According to the combination of dimensions that users follow, they can be divided into large categories of combinations that they follow, which are called aggregation groups in Apache Kylin. For example, the Cube shown in figure 1, if the user only cares about the dimension AB combination and the dimension CD combination, then the Cube can be divided into two aggregation groups, namely the aggregation group AB and the aggregation group CD. As shown in figure 2, the number of Cuboid generated has been reduced from 16 to 8.

Figure 2

Aggregation groups that users care about may contain the same dimensions, for example, aggregation group ABC and aggregation group BCD both contain dimensions B and C. The same Cuboid is derived between these aggregation groups, for example, the aggregation group ABC produces Cuboid BC, and the aggregation group BCD also produces Cuboid BC. These Cuboid will not be generated repeatedly, and a copy of the Cuboid is shared by these aggregation groups, as shown in figure 3.

Figure 3

With aggregation groups, users can filter Cuboid in a coarse-grained manner to get the combination of dimensions they want.

Application example

Suppose you create a Cube of transaction data that contains the following dimensions: the customer ID buyer_id transaction date cal_dt, the payment method pay_type, and the buyer's city city. Sometimes, analysts need to know the application of different consumption patterns in different cities by grouping and aggregating city, cal_dt and pay_type; sometimes, analysts need to aggregate city, cal_dt and buyer_id to see the consumption behavior of customers in different cities. In the above example, it is recommended to establish two aggregation groups, including dimensions and methods as shown in figure 4:

Polymerization group 1: [cal_dt, city, pay_type]

Polymerization group 2: [cal_dt, city, buyer_id]

Without considering other interference factors, such aggregation groups will save unnecessary 3 Cuboid: [pay_type, buyer_id], [city, pay_type, buyer_id] and [cal_dt, pay_type, buyer_id], saving storage resources and construction execution time.

Case 1:

SELECT cal_dt, city, pay_type, count (*) FROM table GROUP BY cal_dt, city, pay_type will get data from Cuboid [cal_dt, city, pay_type].

Case2:

SELECT cal_dt, city, buy_id, count (*) FROM table GROUP BY cal_dt, city, buyer_id will get data from Cuboid [cal_dt, city, pay_type].

Case3 if you have a query that is not commonly used:

SELECT pay_type, buyer_id, count (*) FROM table GROUP BY pay_type, buyer_id do not have a ready-made exact match Cuboid.

At this point, Apache Kylin calculates the final result from the existing Cuboid through online calculation.

As a multi-dimensional analysis tool, Apache Kylin uses the method of pre-calculation to exchange space for time to improve query efficiency.

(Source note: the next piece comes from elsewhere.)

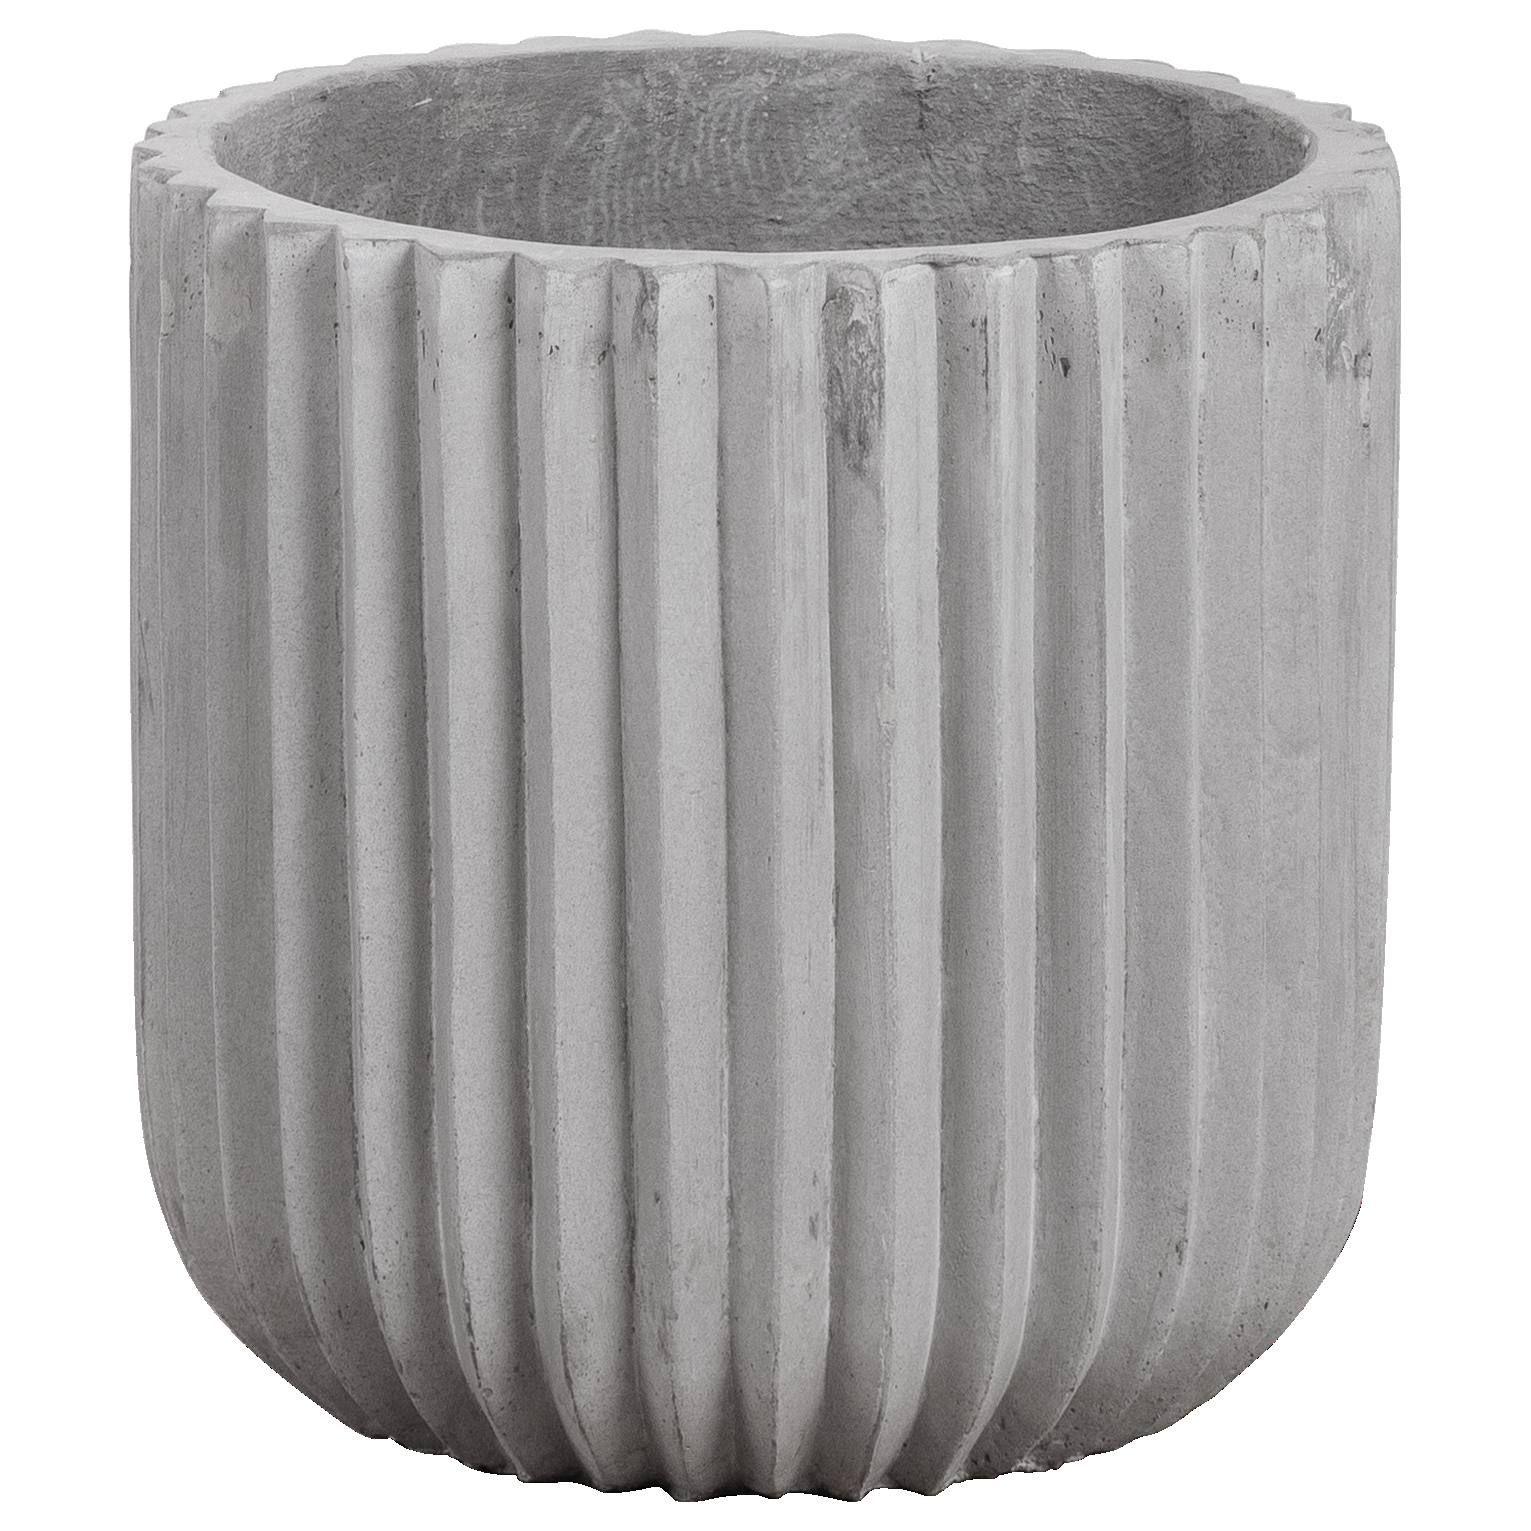 Allure 37x37cm Concrete Planter Stone Grey With Images Concrete Planters Garden Planters Diy Grey Stone

On the Apache Kylin optimization of how to analyze the principle of aggregation group to share here, I hope that the above content can make you improve. If you want to learn more knowledge, please pay more attention to the editor's updates. Thank you for following the website!

Welcome to subscribe "Shulou Technology Information " to get latest news, interesting things and hot topics in the IT industry, and controls the hottest and latest Internet news, technology news and IT industry trends.

*The comments in the above article only represent the author's personal views and do not represent the views and positions of this website. If you have more insights, please feel free to contribute and share.